Wednesday, September 12, 2012
Thank you, Mr. Chairman, for holding this important roundtable today. I also want to thank you for your continued leadership on this issue.
In 2007, I began conducting extensive oversight and seeking disclosure of industry financial ties with groups including taxpayer funded research, physicians, medical schools, medical journals, continuing medical education companies, and patient advocacy non-profit organizations.
We exposed numerous cases where there were vast disparities between drug company payments received and reported by leading medical researchers. Two examples of disparities included:
· At Stanford University, the chairman of psychiatry received an NIH grant to study a drug, while partially owning as much as $6 million in stock in a company that was seeking FDA approval of that drug. After exposure, the NIH removed the individual from the grant.
· At Harvard University, three professors failed to report almost a million dollars each in outside income while heading up several NIH grants. In response to my oversight, Harvard revised the conflict of interest policies and conducted an internal investigation of these professors.
These problems led to the Physician Payments Sunshine Act. The Sunshine Act establishes a nationwide standard requiring drug, device and biologic makers to report payments to doctors to the Department of Health and Human Services.
It requires information about those payments to be posted online in a user friendly way for public consumption. It also establishes penalties as high as $1 million for knowingly failing to report the information.
As we all know, the legislation was ultimately included as Section 6002 of the Patient Protection and Affordable Care Act.

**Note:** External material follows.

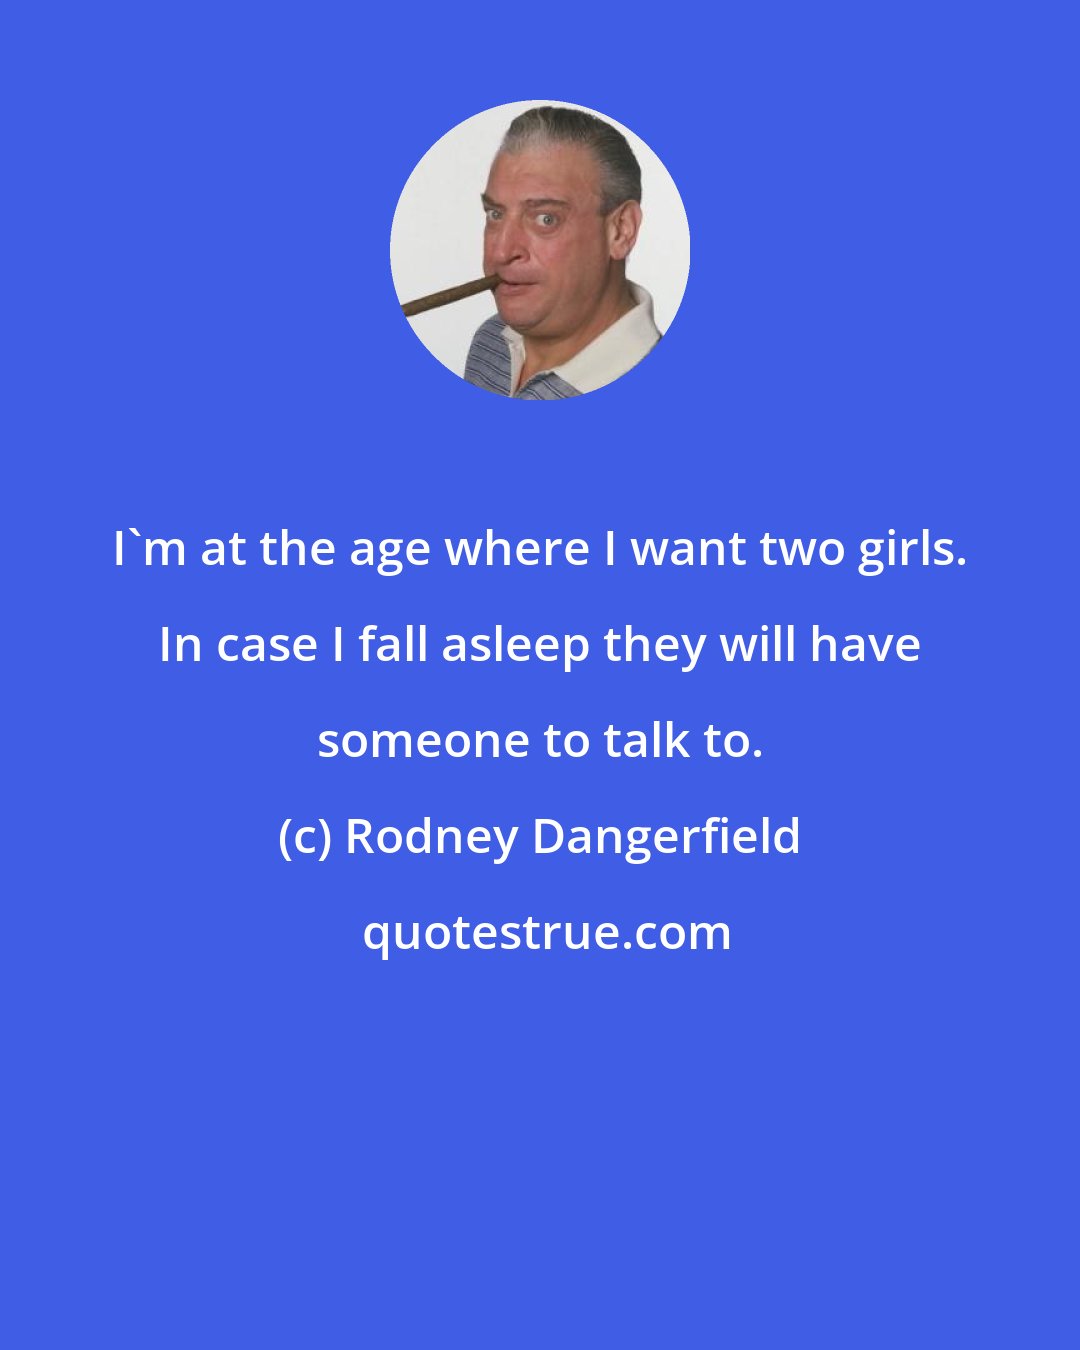 Rodney Dangerfield: I'm at the age where I want two girls. In case I fall asleep they will have someone to talk to.

The Centers for Medicare and Medicaid Services (CMS) was eventually tasked with carrying out the Sunshine Act. The agency had until October 1, 2011, to issue regulations.
When CMS failed to meet that deadline, Senator Kohl and I wrote to CMS about why it failed to meet the deadline. We asked for a timetable for issuing the preliminary regulations and implementing the Sunshine Act.
CMS’s response was incomplete and uninformative. There was no explanation for the delay and no indication of when to expect completion.
At the time of the response, the U.S. government just settled with a medical device maker for $2.4 million over allegations of kickbacks to doctors to use the company’s products. The payments to doctors are the kind that might be prevented through disclosure as soon as the Sunshine Act is in place.
Senator Kohl and I then scheduled a hearing to force the agency to publicly explain why the rule was taking so long. Not surprisingly, on the eve of the hearing CMS finally issued the proposed rule.
For the most part I was very pleased with CMS’s proposed rule. CMS stuck to the goals and integrity of the Sunshine Act -- providing clarification where it was needed.
However, many questions remain on the technical aspects of the rule and how the data will be presented.
I have said from the very beginning, if the information provided to the public is not concise, easily readable and understandable, then we have all failed the American taxpayer.
It has now been nearly nine months since the proposed rule was issued and CMS cannot tell us when they plan on issuing the final rule.
The longer we wait, the more taxpayers miss out on the benefits of public disclosure.
CMS is simply dragging its feet on implementing the Sunshine Act. But why? It doesn’t make sense.
Rarely do you find all stakeholders, including consumer groups, industry, professional medical organizations, and provider organizations, MedPAC, the Institutes of Medicine, and Congress all on the same side of an issue. In fact, industry and consumer groups sent a joint letter to CMS on October 25, 2011, urging full implementation of the Sunshine Act. Yet, still there is delay.
Our efforts to engage with CMS on the implementation of the Sunshine Act have been met with resistance and silence. Why is CMS so unwilling to being open and transparent with the implementation process?
I am never one to put a lot of stock into rumors, but one that keeps popping up is that CMS has completed the final rule and sent it over to OMB – but OMB will not issue the final regulation until after the election. That doesn’t make sense, but that is what people are saying.
CMS needs to clarify if there is any truth to this rumor. Is the rule at OMB? Is it being held until after the election? If so, why?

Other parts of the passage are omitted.